In the past, trainers and physicians didn't see replays of injuries until the morning after the game.

"As health-care providers, one of the things we can do is watch film," Burkholder said. "If you see me on game day, one of the things I do when a guy goes down is pull out a [index] card and write down the time on the clock. The next morning, as soon as I get to the office, I'll go see Doc [video director Mike Dougherty] and he'll pull me up clips. And if I don't see [the injury], I'll go down to Derek's [Boyko, director of media services] office. He DVRs the game and I'll watch it.

“The league figured, well, if you guys are having to wait until Monday, let's put it on the sideline for you. Because it will really help. I think it's fabulous. I think it's going to really help.''

Some would like to see the league put independent neurologists on the sideline to help diagnose concussions. The league has discussed it, but for now feels a trainer up in the booth and the replay monitors on the sideline are sufficient.

Many of the league's trainers were initially lukewarm to the idea of putting somebody up in the booth to help monitor possible concussions, mainly because the league's original plan was to use officials and other untrained personnel. Eventually, they agreed to use independent certified trainers.

The changes are a little late for Jacksonville Jaguars linebacker Clint Sessions, whose career may be over after suffering three concussions last season, including two in the same game. Seven months later, he still is suffering postconcussion symptoms and hasn't been cleared to play.

Sessions suffered the last two concussions in a Nov. 20 game against Cleveland. He knew he was concussed after the first one, but said he hid it from the team's medical staff so that he could keep playing.

“I kind of knew it was pretty serious, but I just figured I wanted to win," he said. "It was a big game. We wanted to win the game. I wanted to contribute. I didn't want to leave the game. After the second one, I couldn't stand anymore, the trauma, so I left the game.

“Would I do that again? I probably would be a little smarter and not ignore it. But it would probably take a lot for me to come out of the game. It was one of those things I kind of shook off, like a lot of players do, I'm sure. But it was two back-to-back traumas. I guess, in that regard, I do regret that."

The monitors that will be used for reviewing injuries are identical to the ones the league's referees use to review plays on the field. In case you were wondering whether a team like, oh, I don't know, the Patriots, might try to use these monitors to gain a strategic advantage, they can't. According to the league's policy, only the team's head trainer and team docs will be permitted to use the monitors.

A league technician will constantly man the monitor. If a trainer or physician wants to review a play, he will notify the technician, who will communicate the request to the independent trainer up in the booth. The video will then be sent from the booth to the sideline monitor.

"I like all the changes they're making," Burkholder said. "They're making our job easier.

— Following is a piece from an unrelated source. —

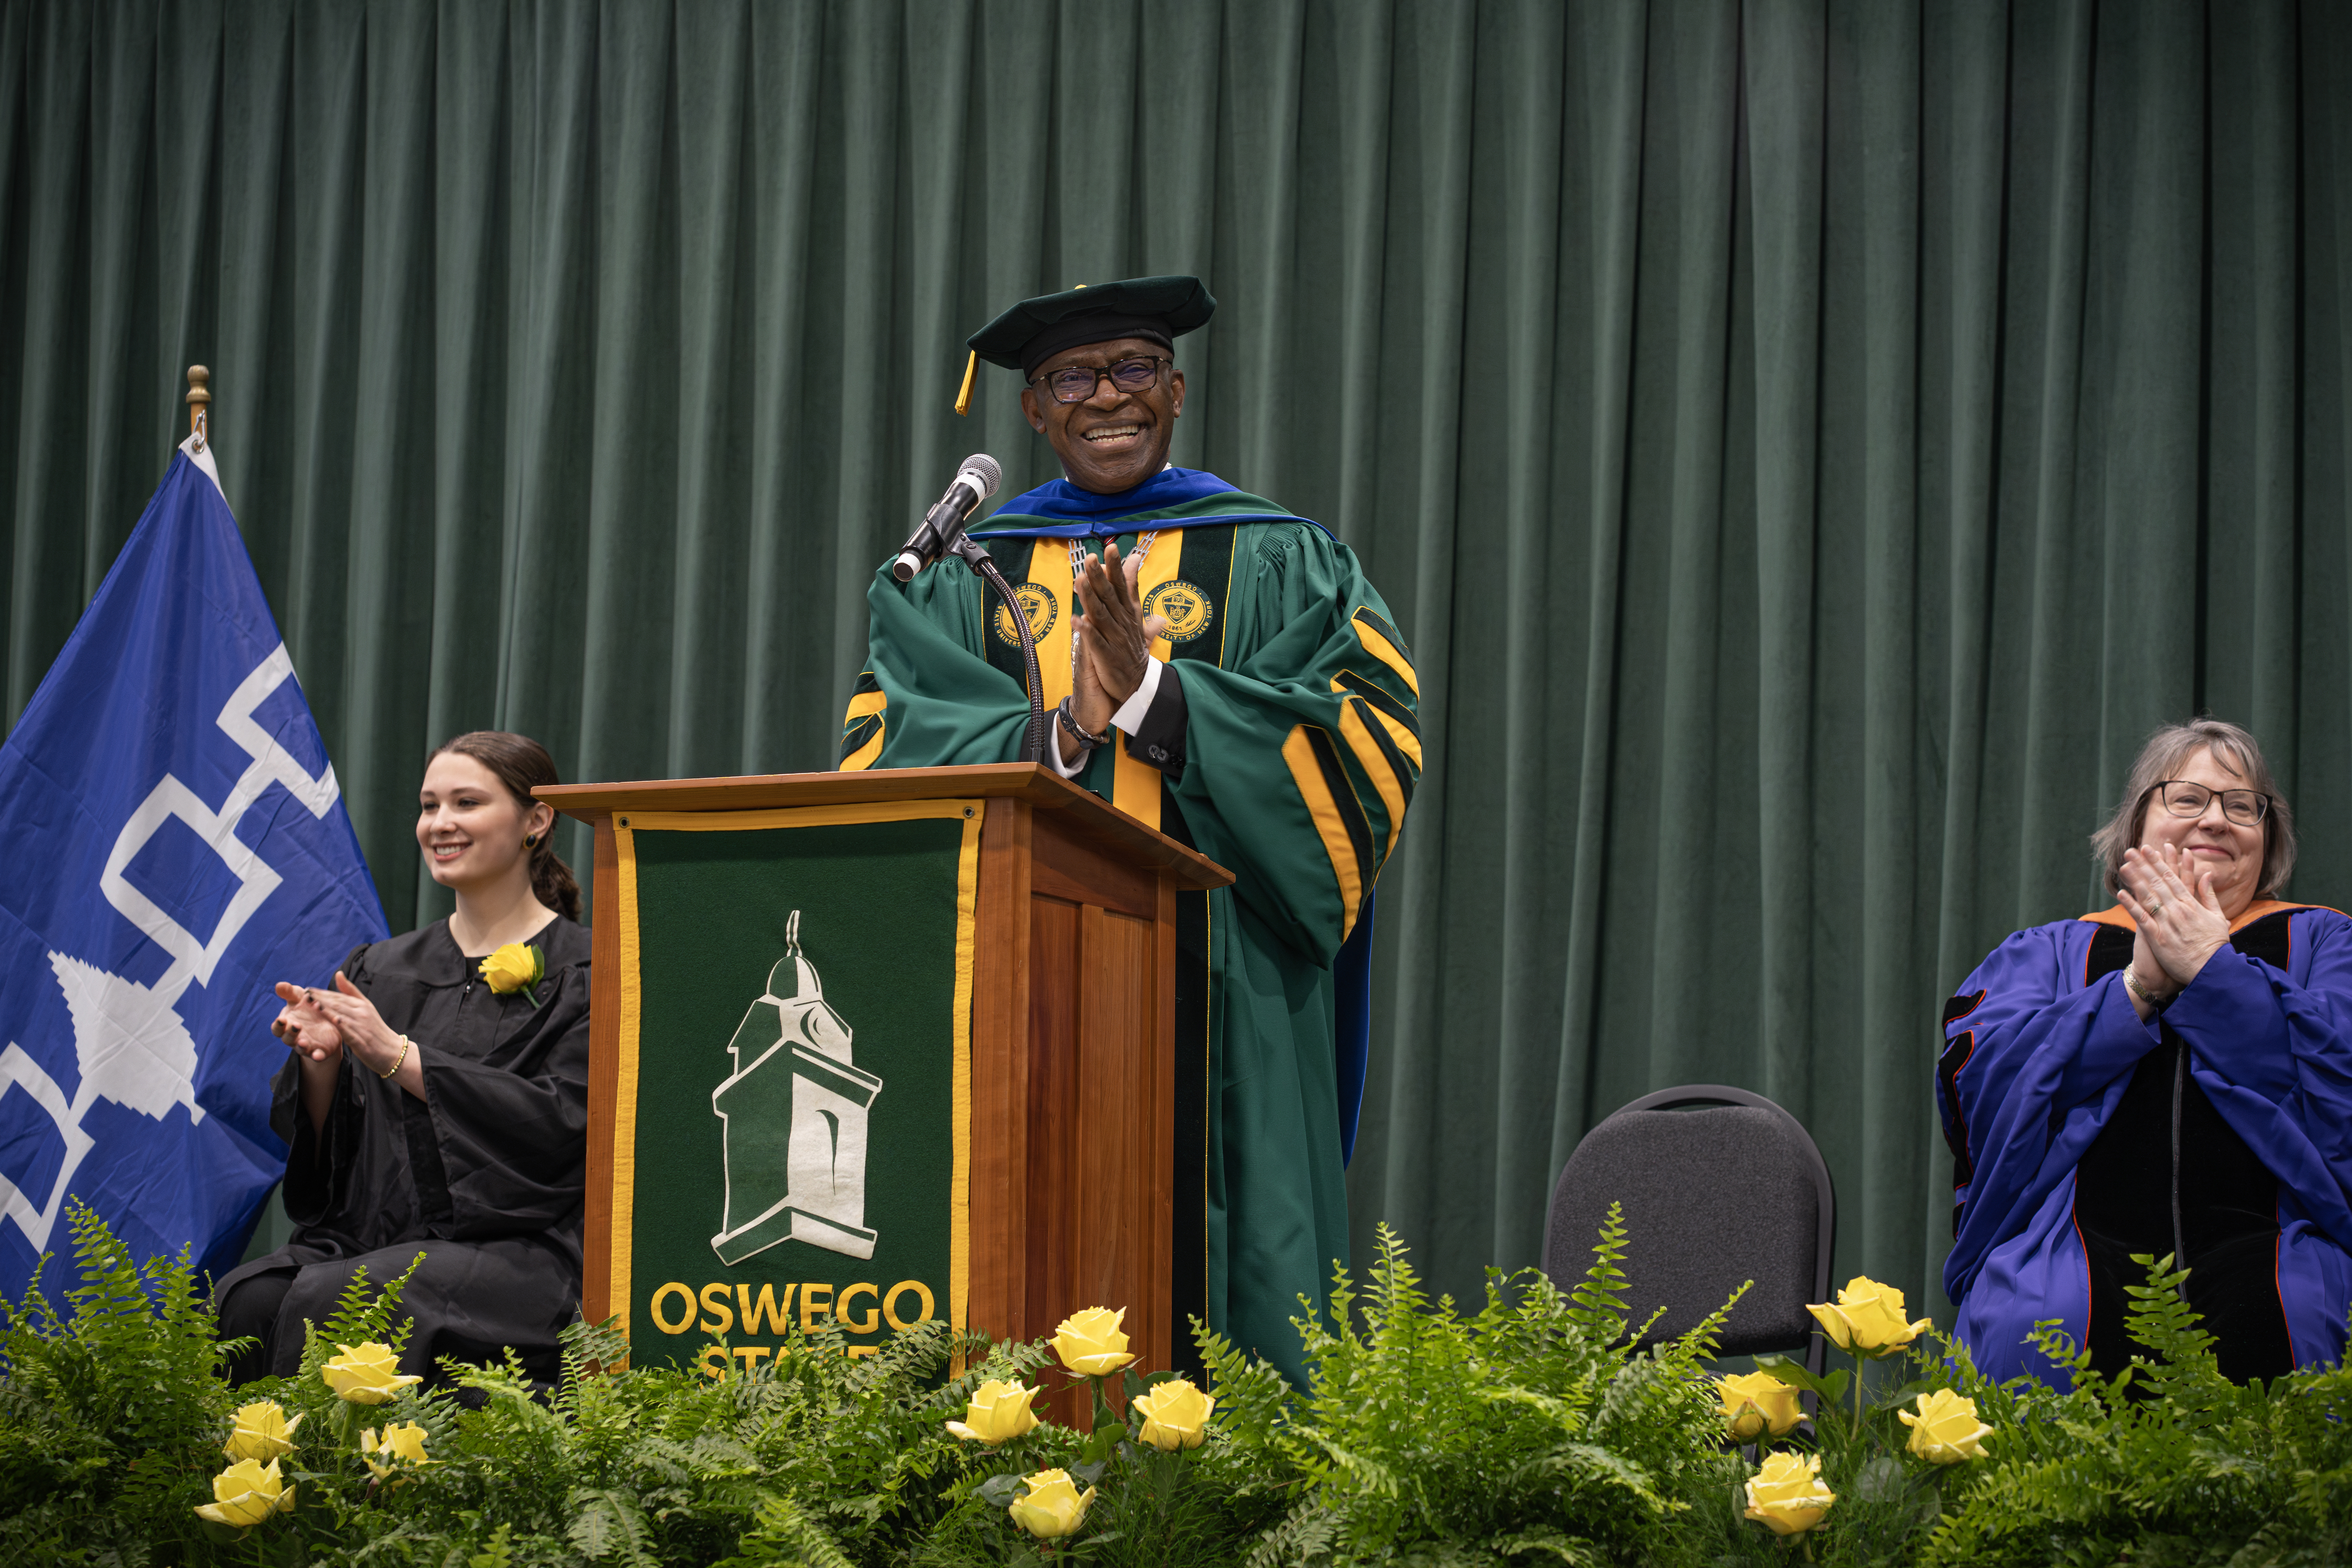 At Honors Convocation on April 19, President Peter O. Nwosu and platform party members Kylie Annable (left), president of the Vega Junior and Senior Women’s Honor Society that coordinates the ceremony, and Elizabeth Dunne Schmitt, chair of Faculty Assembly and professor of economics, applaud the more than 130 students who received awards at the ceremony as well as all those who supported these achievers.

“There are some logistics to work out. You can't have players over there wanting to look at film. They can't be asking me to check and see if a guy stepped out of bounds. I think the fact that we can go in there and look will enable us to make better medical decisions."

Eagles sign receiver  

The Eagles signed wide receiver Andrew Brewer and waived receiver Ron Johnson with an injury settlement. Johnson had surgery Monday on his fractured and dislocated ankle. Brewer is 6-2, 215, and played two seasons for the UFL Omaha Nighthawks. The Omaha GM was Rick Mueller, now an Eagles players personnel executive. Brewer was a Northwestern teammate of Eagles quarterback Mike Kafka.